Babyplanners is a prenatal consulting firm that will track down the perfect stroller, find the pregnancy yoga class nearest to the office or vet doulas for high-powered moms too busy to do so themselves. The service debuted in London in September and organizers are eyeing international expansion, including possible branches in Montreal and Toronto.
The inspiration for Babyplanners came to Keely Paice three years ago when she was pregnant with her first child and too busy with a journalism career to enjoy sifting through piles of receiving blankets and sleepers.
"I thought it would have been brilliant if I'd had someone who would come to my house or my office and just tell me everything I needed to know in an impartial way," she says.
Now, armed with experience from the birth of her two children and research gleaned from websites, other mothers and companies catering to them, Paice does the legwork for her clients.
"It was conceived for professional women who work until two weeks before they're due and quite literally do not have the time, or don't want to spend their weekends or their precious time on maternity leave running around the shops," Paice says.
Packages range in price from the basic one at $200 to ones costing several thousand dollars.
"It all boils down to that feeling of wanting to manage this like you've managed any other challenge in your life," says Ann Douglas, a Canadian mother of four and author of The Mother of All Baby Books. "If you were the kind of person who had a database to manage your wedding, you might want a database to manage your baby."

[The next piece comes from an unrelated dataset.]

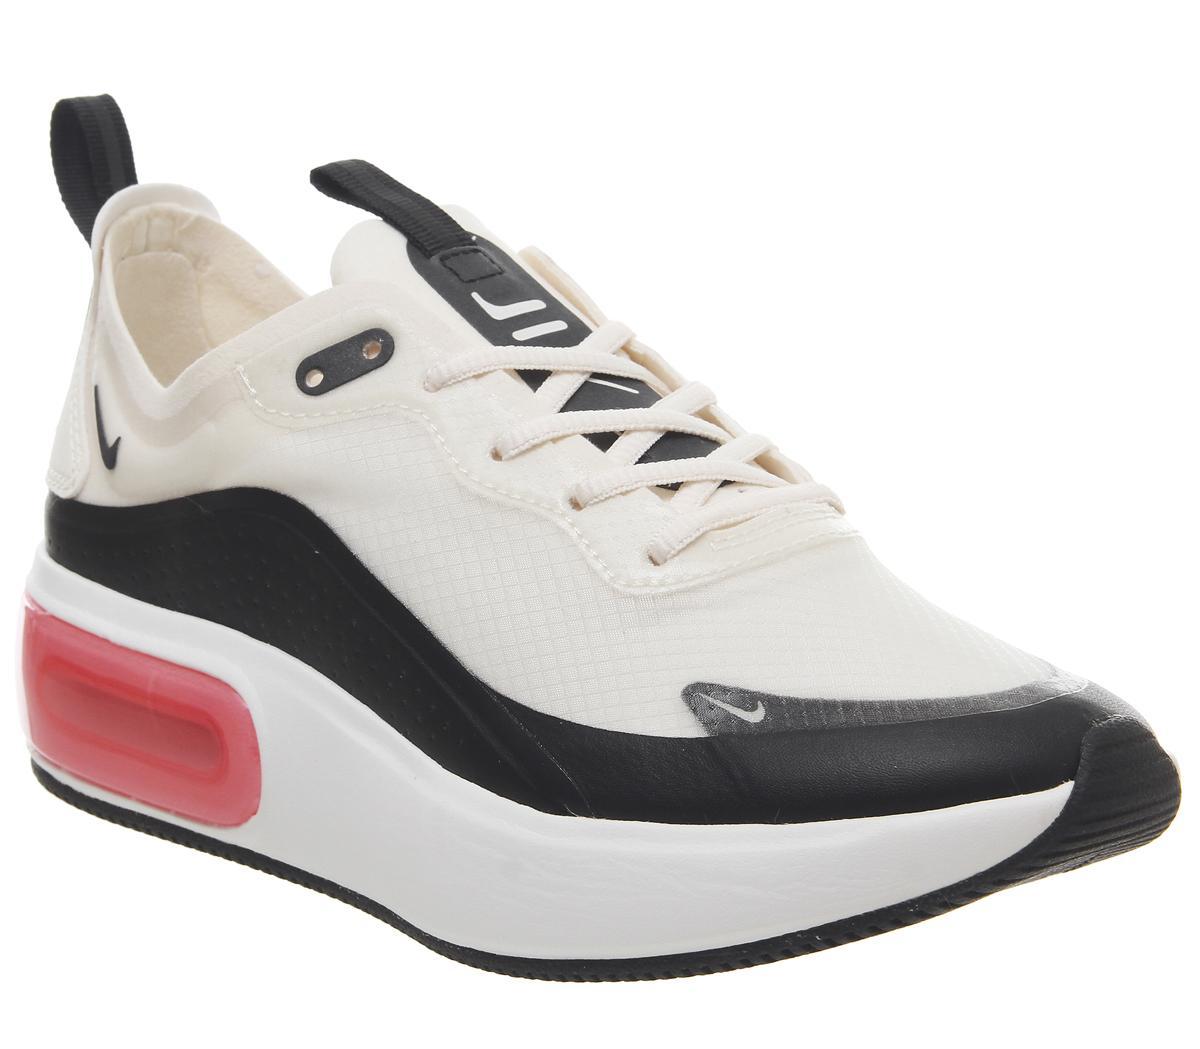 lindo baratas brillante en brillo vendido en todo el mundo Nike Air Max Dia Trainers Pale Ivory Summit White Bright Crimson ...
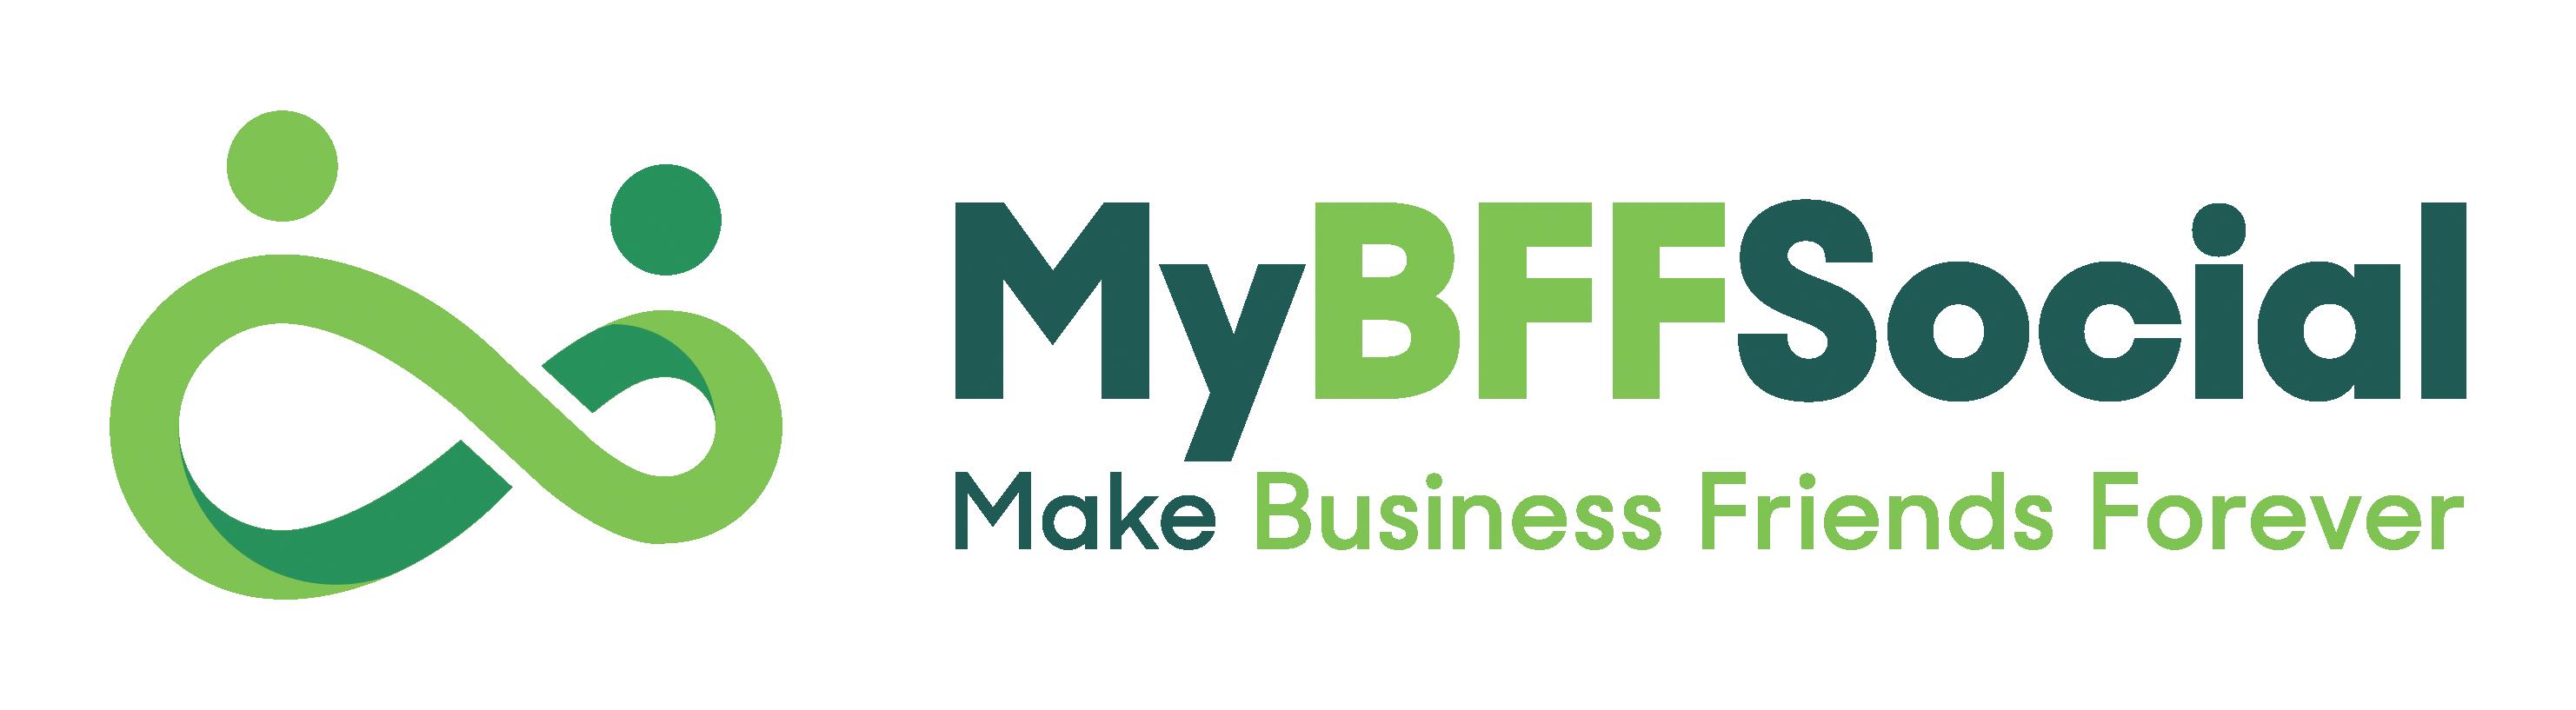 mybff social logo

New parents vastly overestimate what they initially need to care for their little bundle, she says, likening the situation to an anxious six-year-old marching off to the first day of Grade 1 with a backpack full of shiny new supplies they will never use.
"There's that illusion that if you have all the right stuff the transition to motherhood is going to be so much easier," Douglas says.
"You can have all the right stuff and it's still going to be tough, because there's no easy fast track to making that transition."